El Salvadors verstärktes Engagement im Bereich Kryptowährungen hat die Beziehung zum Internationalen Währungsfonds beeinflusst. Die kontinuierlichen Bitcoin-Käufe und Verzögerungen bei Rentenreformen erschweren das Abkommen mit dem IWF. US-Dollar-Index fällt unter wichtige Marke.

Der IWF hat Bedenken hinsichtlich der Auswirkungen von Bitcoin auf die Finanzstabilität geäußert. Sollte das IWF-Programm gestört werden, könnte dies eine der wichtigsten Stützen für die Schuldenrückzahlung El Salvadors gefährden. In den letzten drei Jahren haben die Anleihen des Landes über 130 Prozent Gewinn erzielt, was El Salvador zu einer der bemerkenswerten Comeback-Geschichten unter den Schwellenländern macht.

„Der IWF könnte Schwierigkeiten haben, wenn neue Mittel möglicherweise für Bitcoin verwendet werden. Ein Rückgang des Bitcoin-Kurses würde die Anleger zudem nicht beruhigen“, äußerte Christopher Mejia, Analyst für Schwellenländeranleihen bei T Rowe Price.

Am 26. Februar 2025 genehmigte der IWF eine 40-monatige Finanzhilfe und stellte rund 1,4 Milliarden USD zur Verfügung. Die erste Überprüfung endete im Juni 2025, wobei 231 Millionen USD ausgezahlt wurden.

Die zweite Überprüfung wartet jedoch seit September auf eine Entscheidung, da die Regierung eine Analyse zum Rentensystem verspätet veröffentlicht hat. In dieser Zeit hat El Salvador weiterhin Bitcoin erworben, trotz wiederholter Warnungen des IWF.

Eine dritte Überprüfung ist für März geplant, wobei jede Überprüfung mit neuen Krediten verbunden ist.

„Der weitere Kauf von Bitcoin birgt unserer Meinung nach gewisse Risiken für die IWF-Prüfungen. Die Märkte würden wahrscheinlich stark reagieren, wenn die Unterstützung durch den IWF wegfällt“, sagte Jared Lou, der den William Blair Emerging Markets Debt Fund leitet.

Gleichzeitig machen sich die Anleihenmärkte zunehmend Sorgen um die Finanzlage El Salvadors.
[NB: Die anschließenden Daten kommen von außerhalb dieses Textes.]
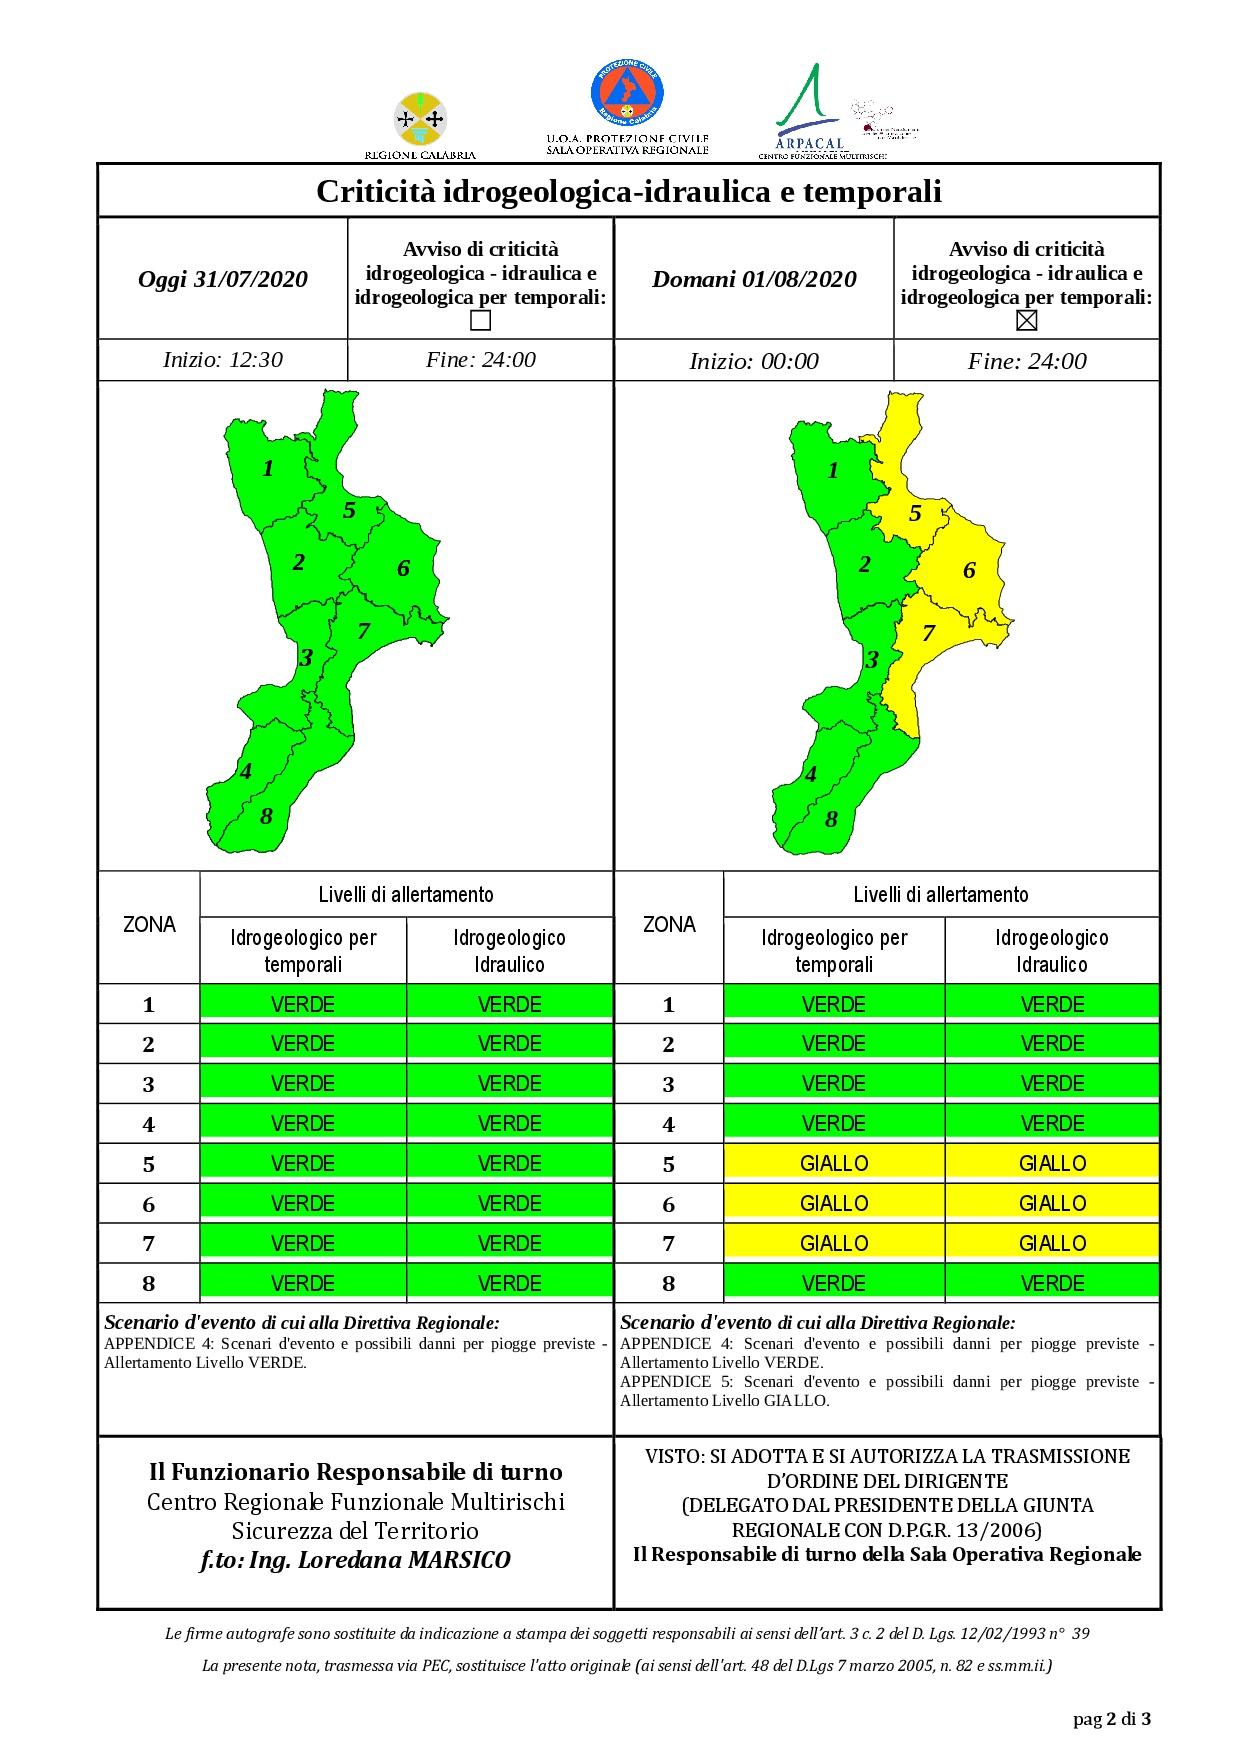 Criticità idrogeologica-idraulica e temporali in Calabria 31-07-2020

Die Preise für Kredit-Ausfallversicherungen sind auf ein Fünf-Monats-Hoch gestiegen, was darauf hinweist, dass Anleger unsicherer werden, ob das Land in der Lage ist, seine Schulden zurückzuzahlen.

Nach Daten muss El Salvador in diesem Jahr Anleihen im Wert von 450 Millionen USD zurückzahlen. Im kommenden Jahr steigen die Rückzahlungen auf nahezu 700 Millionen USD.

Die Bitcoin-Politik El Salvadors ist nun eng mit den Finanzgesprächen und dem IWF verknüpft. Der Ausgang der nächsten IWF-Prüfungen sowie die Rückzahlung der Anleihen werden entscheidend sein, um das Vertrauen der Anleger und die Stabilität der Schulden aufrechtzuerhalten.